Prominent Persons: people such as Elon Musk and his influence on energy policy and the transition to electric cars or Bill Gates and his influence on global health policy.
Religious Groups: decentralised religions such as Islam or Protestant Christianity and unitary institutions such as the Catholic Church all hold huge sway over multiple populations globally and are key influencers in policy debates, especially regarding social matters.
Terrorist Groups / Freedom Fighters: Violent groups with political aims such as Al-Qaeda, ISIS or other fights for independence such as the US War of Independence.
Non-Violent Movements for Independence: such as Catalonia, or Scottish Independence.
The list is not exhaustive and is subject to debate. For example, how can a central bank or an IGO be a non-state actor? Well, the former is part of a state (not a state itself) and the latter is comprised of many states and, thus, again is not a state in of itself. The literature is full of such detailed idiosyncrasies that we are best to avoid in order to see the bigger picture.
All The Players On One Stage
In order to try to get the big picture it is crucial to factor in all the actors and how they play on the stage. The interaction between governments and corporations, between social movements and social media and all the other possibilities all combine to move the world politically, culturally and financially.

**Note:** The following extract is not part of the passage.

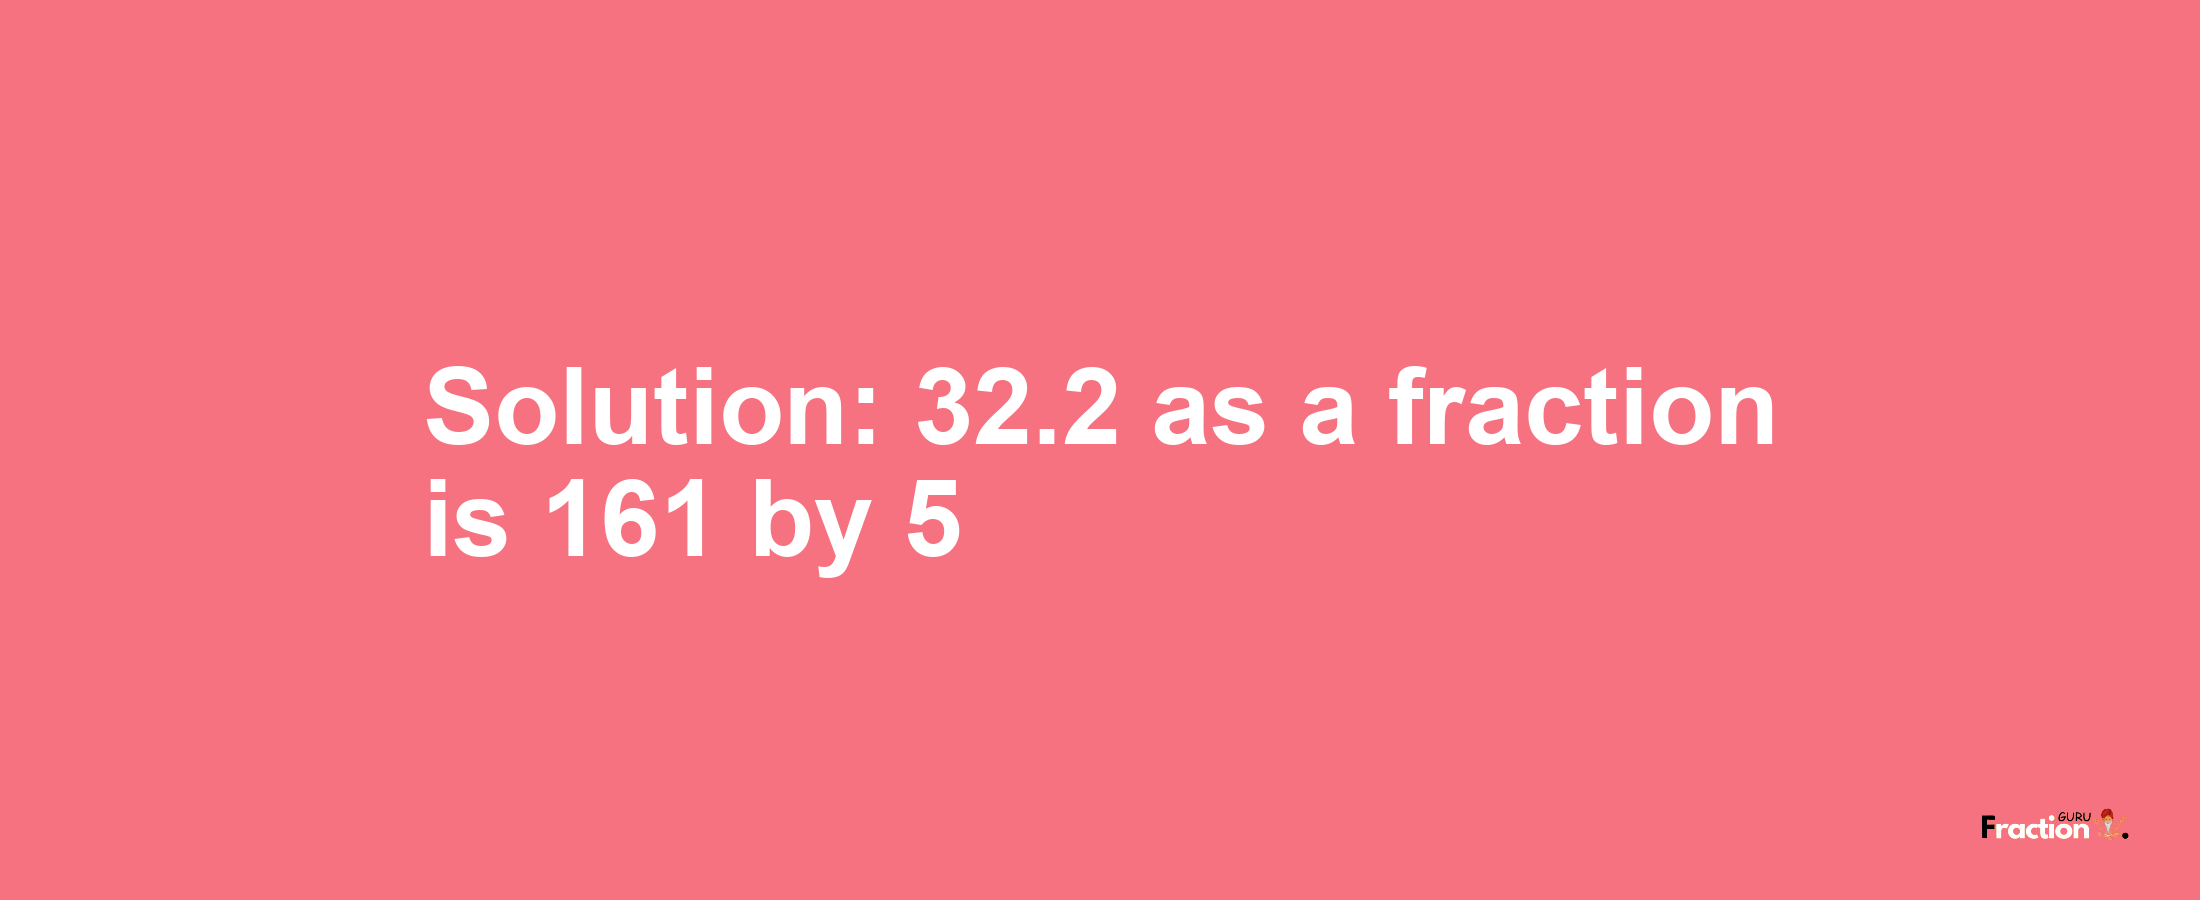 Solution:32.2 as a fraction is 161/5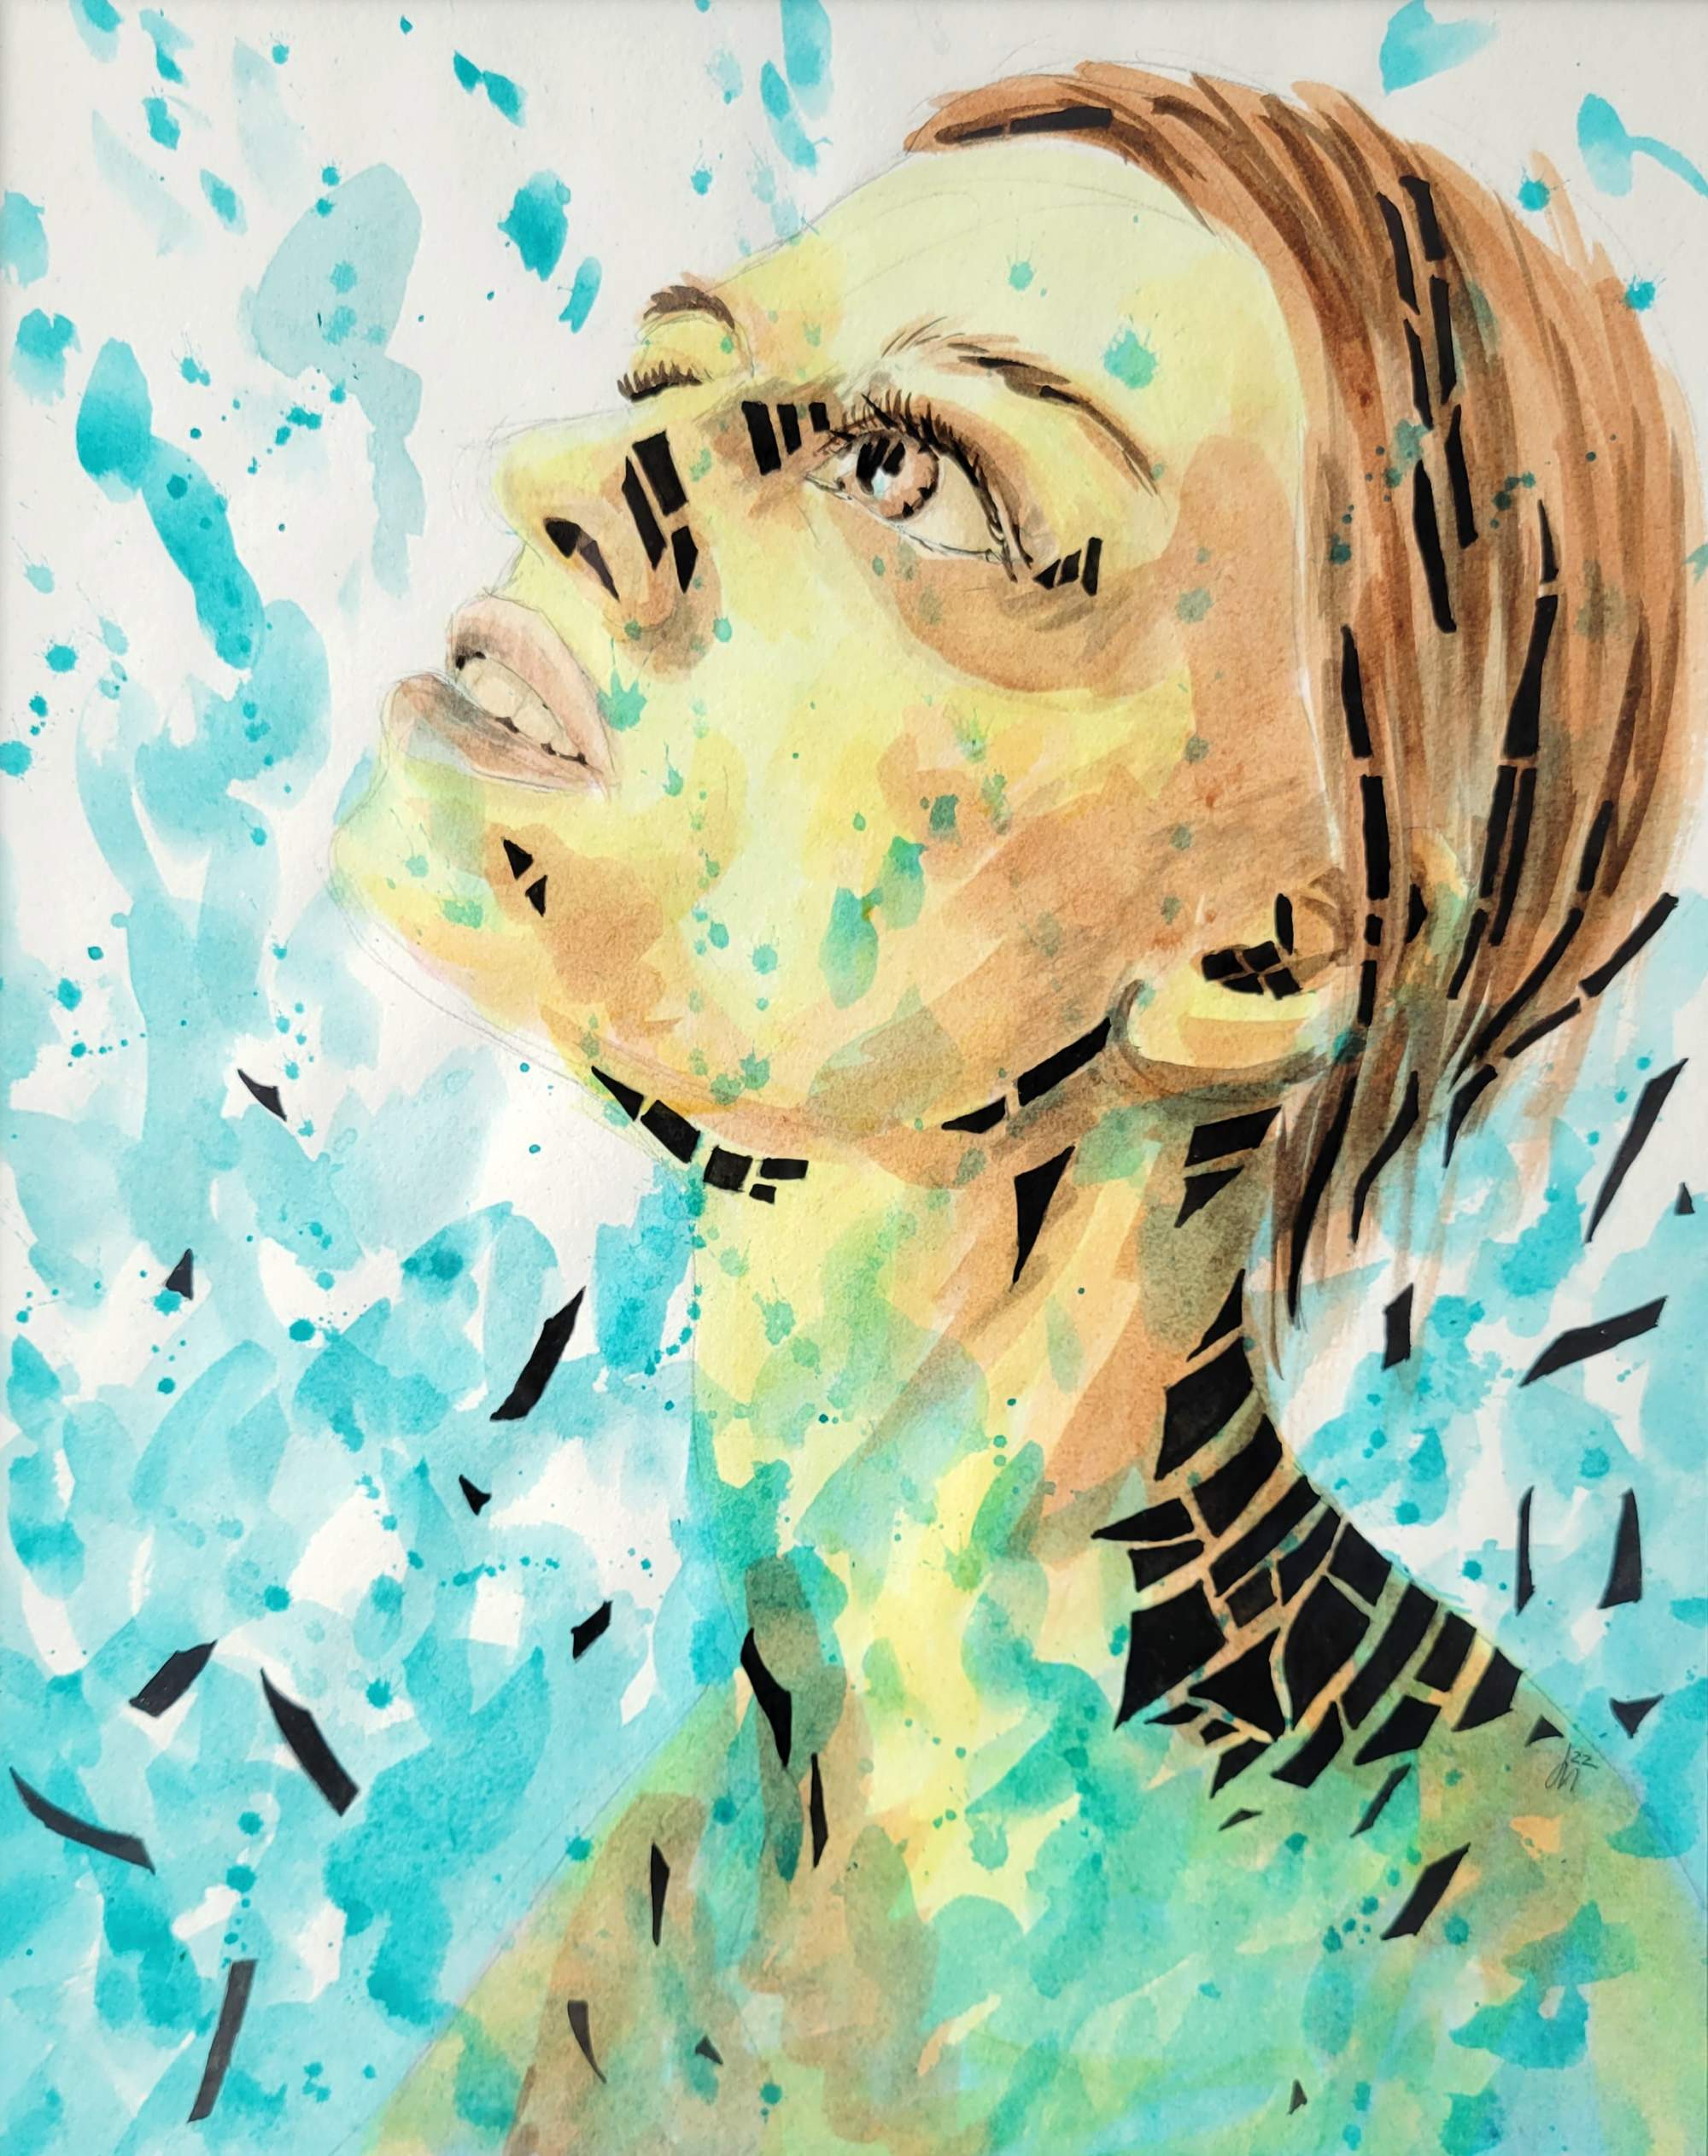 A painting of a woman bursting out of water

Think of it as a butterfly effect. How did the war in Syria contribute to Brexit? One could show, with reasonable logic that the images of Syrian refugees arriving in Germany were used by anti-immigration campaigners and their sympathisers in the UK Press to show that the UK needed a stronger immigration policy and that this was not possible within the EU. Whether that indeed was correct is not the point.
And how did the Syrian war start? It was perhaps influenced by the so-called Arab Spring where social media played such a pivotal role.
Understanding all the actors on the stage and their motives helps create a better picture. It helps us understand consequences that may not be so clear at first glance. After Brexit the pound collapsed, and gold thus performed very well. Gold and politics are inextricably linked. This will be discussed in a different lesson in the academy.
Everything is connected.
Or, to put it in a more human form:
“Our lives are not our own. We are bound to others, past and present, and by each crime and every kindness, we birth our future.”